Am 8. Januar 1914 bezog Justitia zwar einen Neubau, doch das Gerichtswesen ist viel älter. Rund 100 Jahre residierte es mehr schlecht als recht im ehemaligen, 1483 erbauten Kreuzherrenkloster Paaltjessteege/Ecke Neuer Steinweg. Über die Arbeitsbedingungen dort wurde im 19. Jahrhundert heftig Klage geführt.

Als der Abbruch der Klosterkirche sich hinzog, fühlten sich die Beamten durch das beständige Klopfen und Hämmern der Maurer gestört. Risse in Wänden und Decken nahmen bedrohliche Formen an. Es regnete und schneite rein, kurz: Die Zustände waren unansehnlich. 1914 war der Spuk im Kloster endlich vorbei.
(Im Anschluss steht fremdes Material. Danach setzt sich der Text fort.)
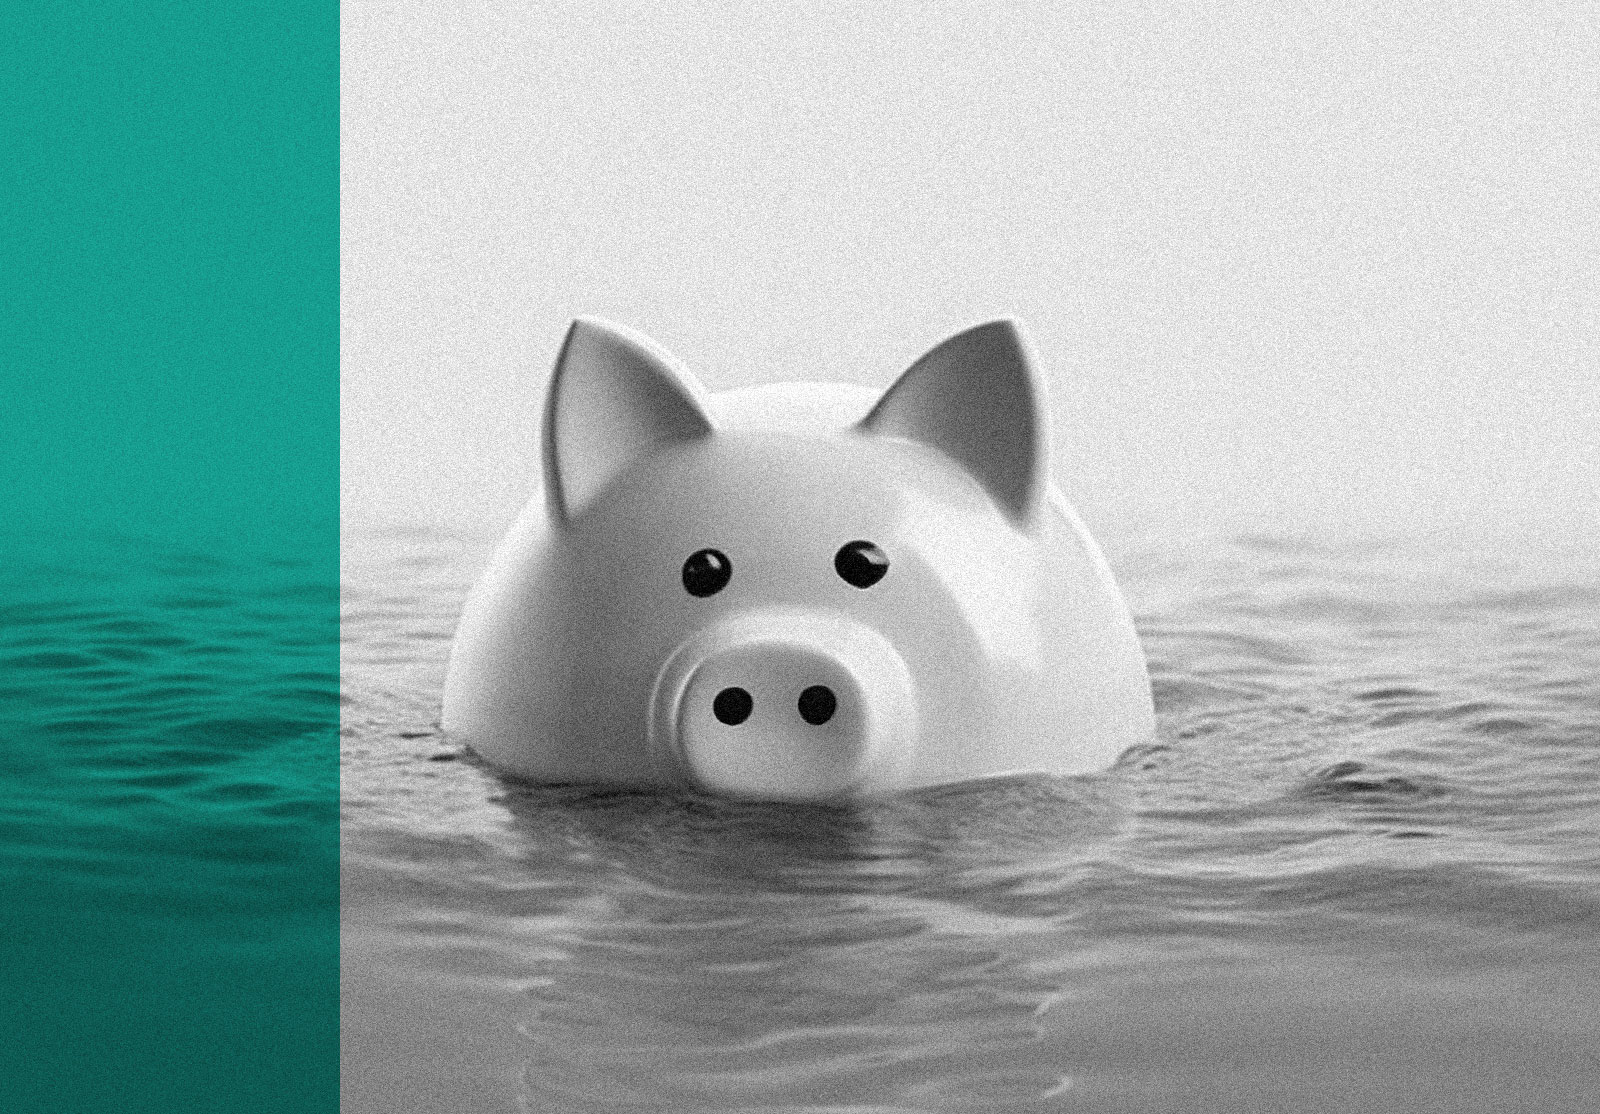 Piggy bank sinking in water

Was damals nicht möglich war

Das 100-jährige Jubiläum wird nicht groß gefeiert. Allerdings plant der Hausherr, ein Freund der schönen Künste, eine Ausstellung mit Arbeiten der Reeserin Elisabeth Kemkes (Eröffnung 14. März, 18 Uhr). Moderne, abstrakte Kunst wäre vor 100 Jahren in einem so Respekt einflößenden, ja einschüchternden Justizpalast, in dem sich der Angeklagte schon beim Eintreten wie ein armes, kleines Sünderlein vorkam, undenkbar gewesen.

Nicht das einzige, das sich in 100 Jahren geändert hat. Beim Bombenangriff vom 7. Oktober 1944 auf Emmerich wurde auch das Amtsgerichtsgebäude schwer getroffen und im Juni 1950 nur noch zweigeschossig wiedereröffnet.